The case before us differs materially from Hawes v. Mooney, 39 Conn., 37, cited by the plaintiffs. The law is in that case expressly applied to a case of " actual and contemplated fraud, participated in by tbe defendant."
The second claim of the plaintiffs, that the defendant is chargeable with the sum remaining in his hands after payment of the assenting creditors, we think cannot be sustained. The event which gave the defendant a right to retain this sum, as part payment of his claim, had happened before service of the factorizing process upon him, and the defendant had actually appropriated the money.
The finding shows that before the service upon the defendant, all the non-assenting creditors had refused to accept the compromise, and that the defendant had deposited this money in the bank as his own funds. It is true the court finds that the defendant claimed the right to apply some part of the balance remaining in his hands in payment for services which he claimed to have rendered Haskell, but it is not found that any sum was due him for such services. "We think the finding clearly shows that the defendant, having by the terms of the agreement the right to apply the balance of the fund in his hands in part payment of a valid claim against Haskell, had in fact availed himself of that right before service of the copy in foreign attachment.
Upon the plaintiffs' third claim, that the defendant is es-topped from denying that thirteen hundred dollars was placed in his hands by Haskell, it may be questioned whether the defendant made such a representation by the letter of February 6th.
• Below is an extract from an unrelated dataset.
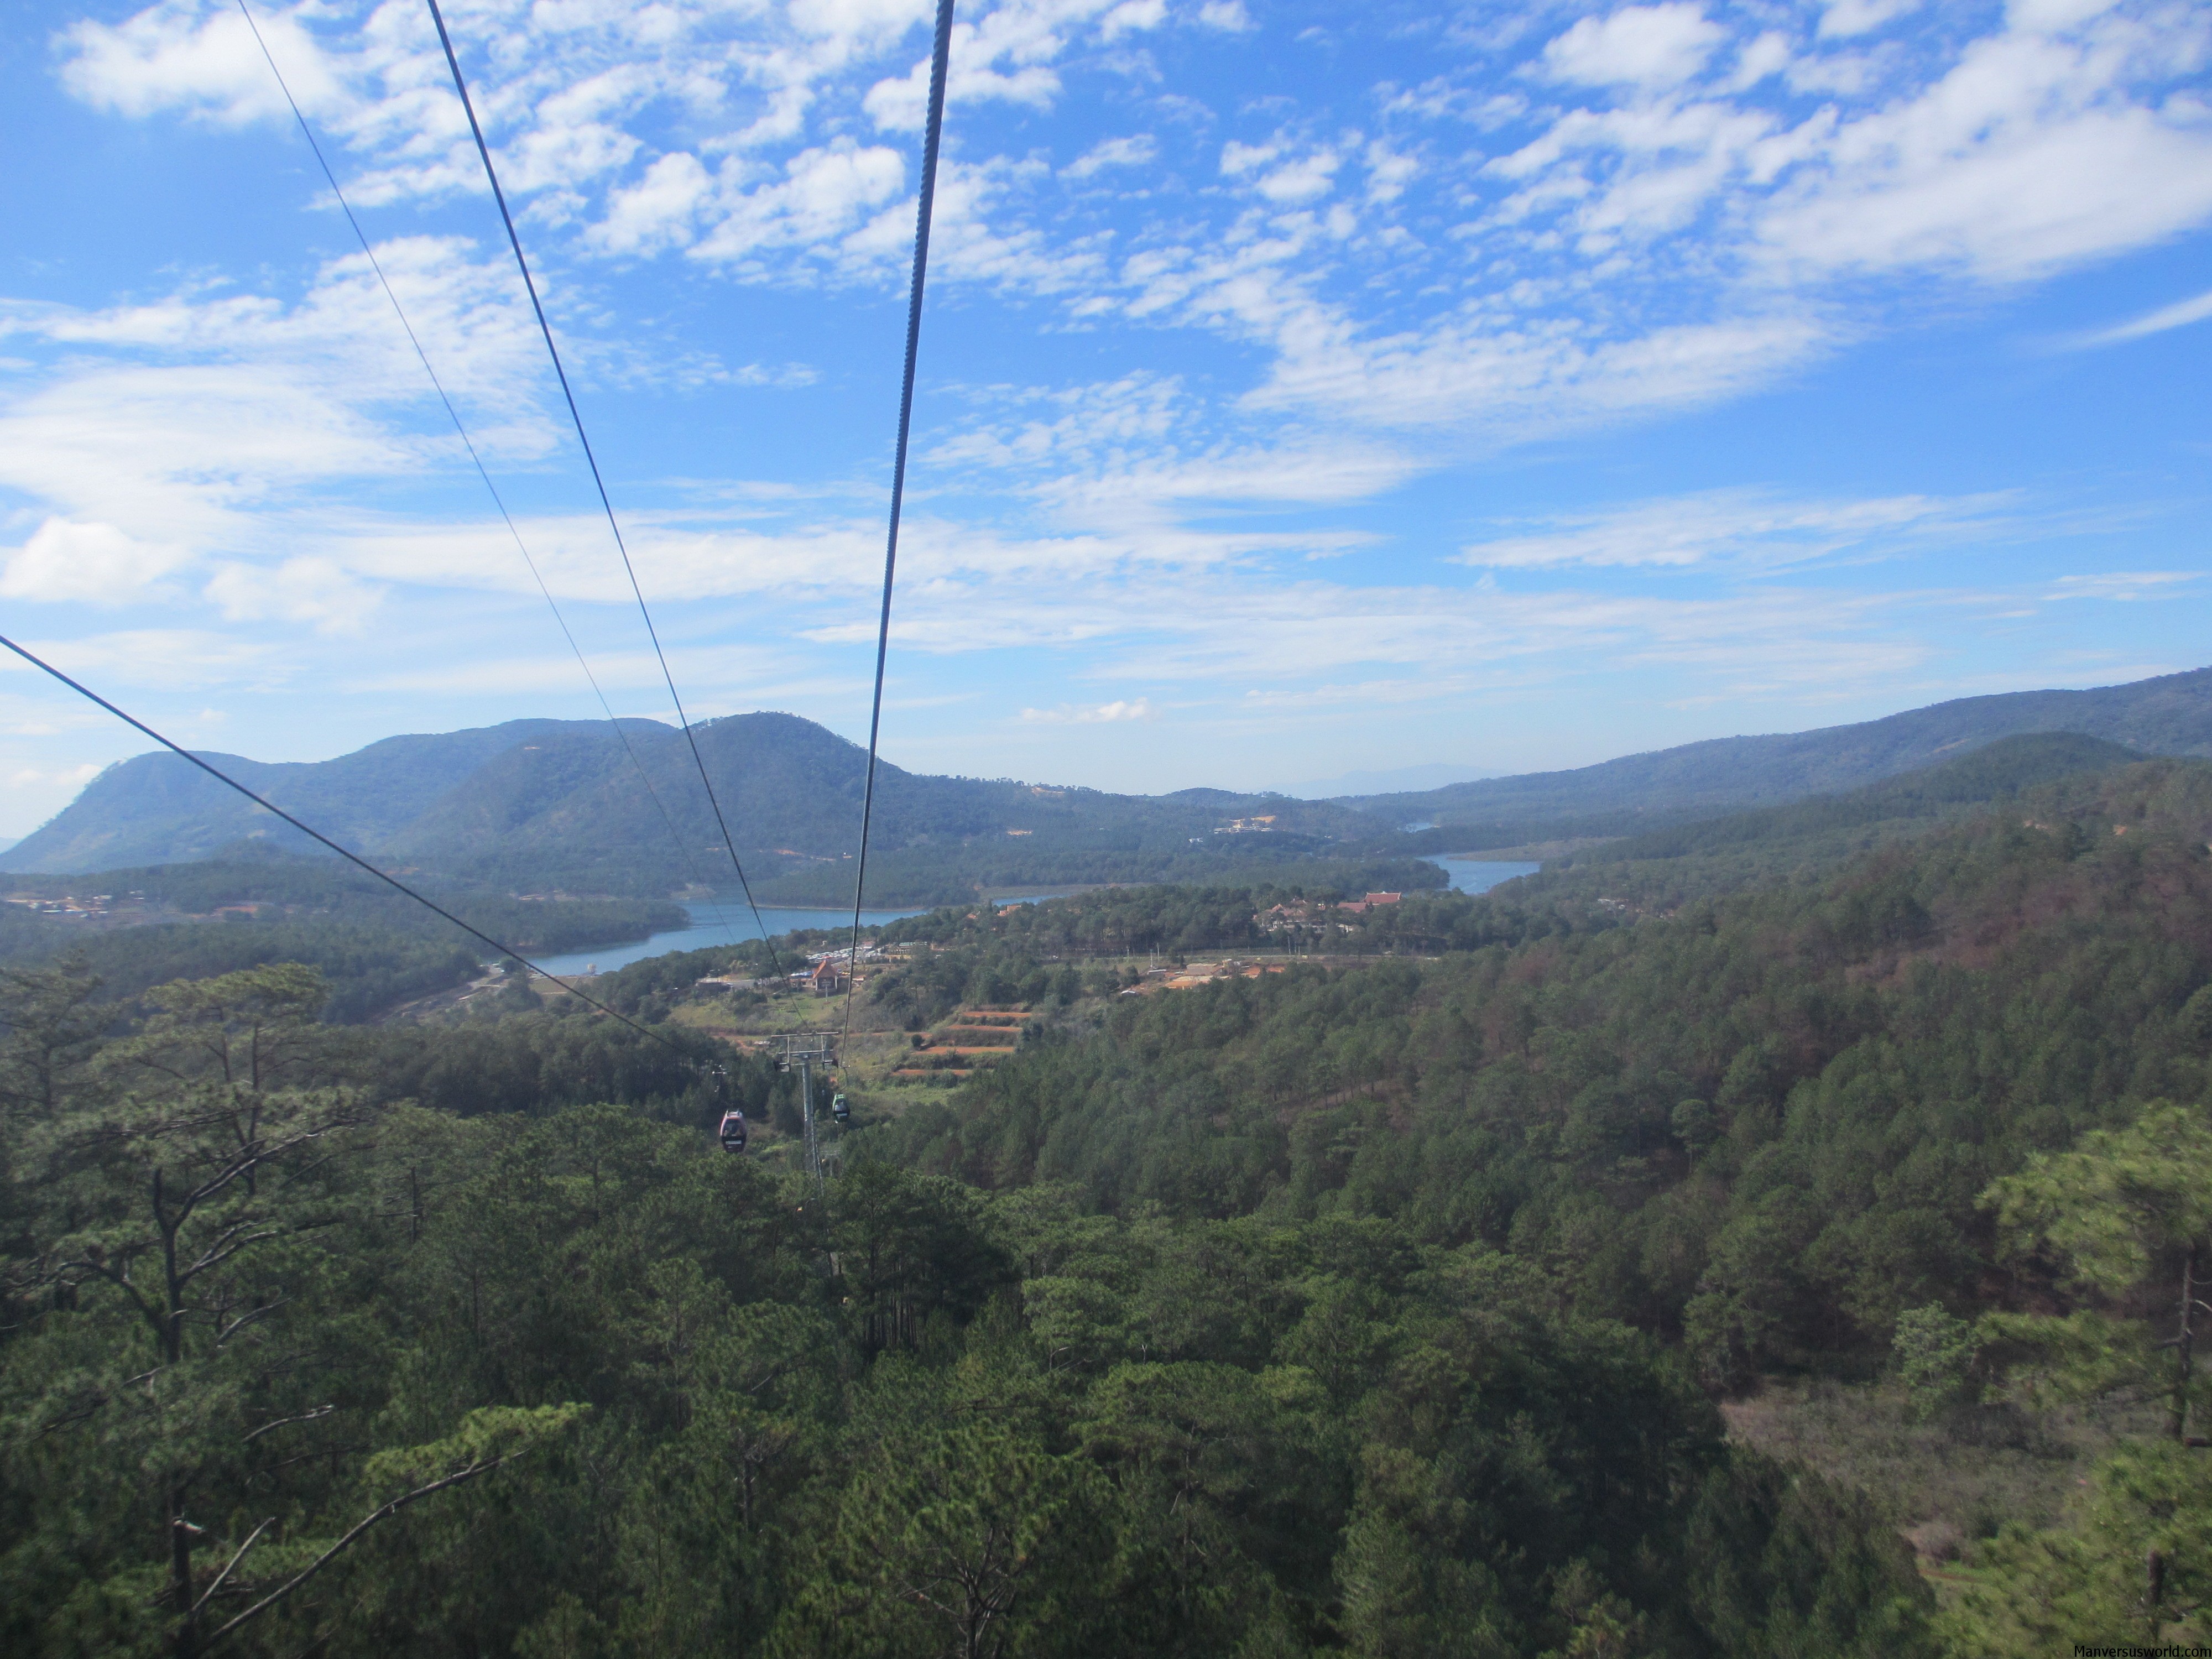 The beautiful view of Dalat from cable car

By the letter it would appear that the entire sum of thirteen hundred dollars was in the defendant's hands, while by the statement which was inclosed and referred to in the letter it would seem that the thirteen hundred dollars was in the hands of Haskell. But regarding the letter and statement as intended to convey the impression that the defendant held Haskell's funds to the amount of thirteen hundred dollars, there is no evidence that the plaintiffs, by having believed this statement, have lost any remedy, or suffered any injury beyond the expense of the service of the copy upon the garnishee. At that time the defendant disclosed that he had no funds of Haskell's in his hands. An estoppel is intended as a protection against loss, and not as a means of gain. Townsend Savings Bank v. Todd, 47 Conn., 190. The injury sustained by the expense of the service of the copy in foreign attachment is not a sufficient one to warrant the application of the doctrine of estoppel and to create a cause of action in the plaintiff's favor.
This subject, and the authorities sustaining this conclusion, are fully and ably discussed in the case of Warder & others v. Baker, 54 Wis., 49.
There is error in the judgment of the Court of Common Pleas, and it should be reversed.
In this opinion the other judges concurred; except Andrews, C. J., who thought the plaintiffs were entitled to a judgment for the amount the defendant had in his hands at the time that service in the original suit was made upon him.